"Error: Could not find or load main class org.apache.spark.deploy.yarn.ExecutorLauncher" w-CodePudding

I am trying to run the spark-submit command on my Hadoop cluster Here is a summary of my Hadoop Cluster:

The cluster is built using 5 VirtualBox VM's connected on an internal network
There is 1 namenode and 4 datanodes created.
All the VM's were built from the Bitnami Hadoop Stack VirtualBox image

I am trying to run one of the spark examples using the following spark-submit command

spark-submit --class org.apache.spark.examples.SparkPi $SPARK_HOME/examples/jars/spark-examples_2.12-3.0.3.jar 10

I get the following error:

[2022-07-25 13:32:39.253]Container exited with a non-zero exit code 1. Error file: prelaunch.err.
Last 4096 bytes of prelaunch.err :
Last 4096 bytes of stderr :
Error: Could not find or load main class org.apache.spark.deploy.yarn.ExecutorLauncher

I get the same error when trying to run a script with PySpark.

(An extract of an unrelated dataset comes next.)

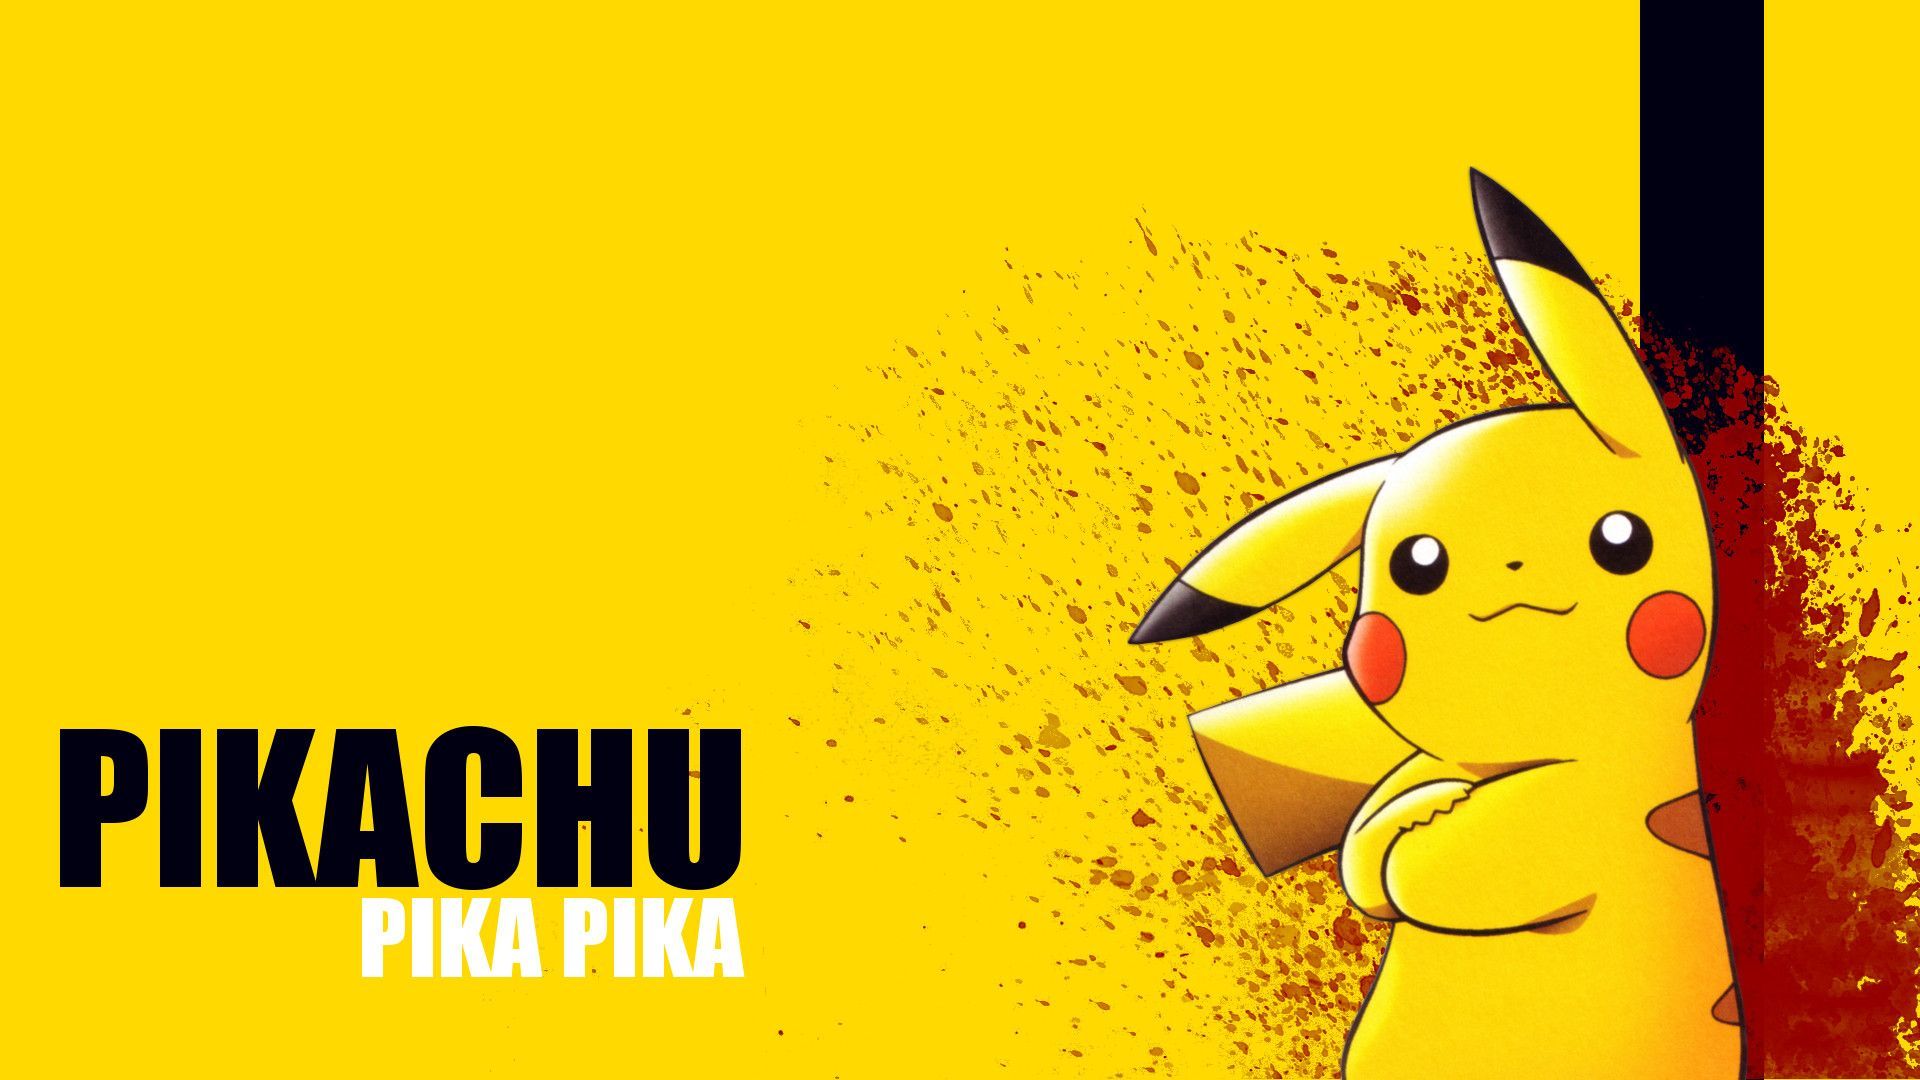 Bộ hình nền Pokemon Pikachu cute cho máy tính  GameVuivn

I have tried/verified the following:

environment variables: HADOOP_HOME, SPARK_HOME and HADOOP_CONF_DIR have been set in my .bashrc file
SPARK_DIST_CLASSPATH and HADOOP_CONF_DIR have been defined in spark-env.sh
Added spark.master yarn, spark.yarn.stagingDir hdfs://hadoop-namenode:8020/user/bitnami/sparkStaging and spark.yarn.jars hdfs://hadoop-namenode:8020/user/bitnami/spark/jars/ in spark-defaults.conf
I have uploaded the jars into hdfs (i.e. hadoop fs -put $SPARK_HOME/jars/* hdfs://hadoop-namenode:8020/user/bitnami/spark/jars/ )
The logs accessible via the web interface (i.e. http://hadoop-namenode:8042 ) do not provide any further details about the error.

CodePudding user response：

This section of the Spark documentation seems relevant to the error since the YARN libraries should be included, by default, but only if you've installed the appropriate Spark version

For with-hadoop Spark distribution, since it contains a built-in Hadoop runtime already, by default, when a job is submitted to Hadoop Yarn cluster, to prevent jar conflict, it will not populate Yarn’s classpath into Spark. To override this behavior, you can set spark.yarn.populateHadoopClasspath=true. For no-hadoop Spark distribution, Spark will populate Yarn’s classpath by default in order to get Hadoop runtime. For with-hadoop Spark distribution, if your application depends on certain library that is only available in the cluster, you can try to populate the Yarn classpath by setting the property mentioned above. If you run into jar conflict issue by doing so, you will need to turn it off and include this library in your application jar.

https://spark.apache.org/docs/latest/running-on-yarn.html#preparations

Otherwise, yarn.application.classpath in yarn-site.xml refers to local filesystem paths in each of ResourceManager servers where JARs are available for all YARN applications (spark.yarn.jars or extra packages should get layered onto this)

Another problem could be file permissions. You probably shouldn't put Spark jars into an HDFS user folder if they're meant to be used by all users. Typically, I'd put it under hdfs:///apps/spark/<version>, then give that 744 HDFS permissions

In the Spark / YARN UI, it should show the complete classpath of the application for further debugging

CodePudding user response：

I figured out why I was getting this error. It turns out that I made an error while specifying spark.yarn.jars in spark-defaults.conf

The value of this property must be

hdfs://hadoop-namenode:8020/user/bitnami/spark/jars/*

instead of

 hdfs://hadoop-namenode:8020/user/bitnami/spark/jars/

i.e. Basically, we need to specify the jar files as the value to this property and not the folder containing the jar files.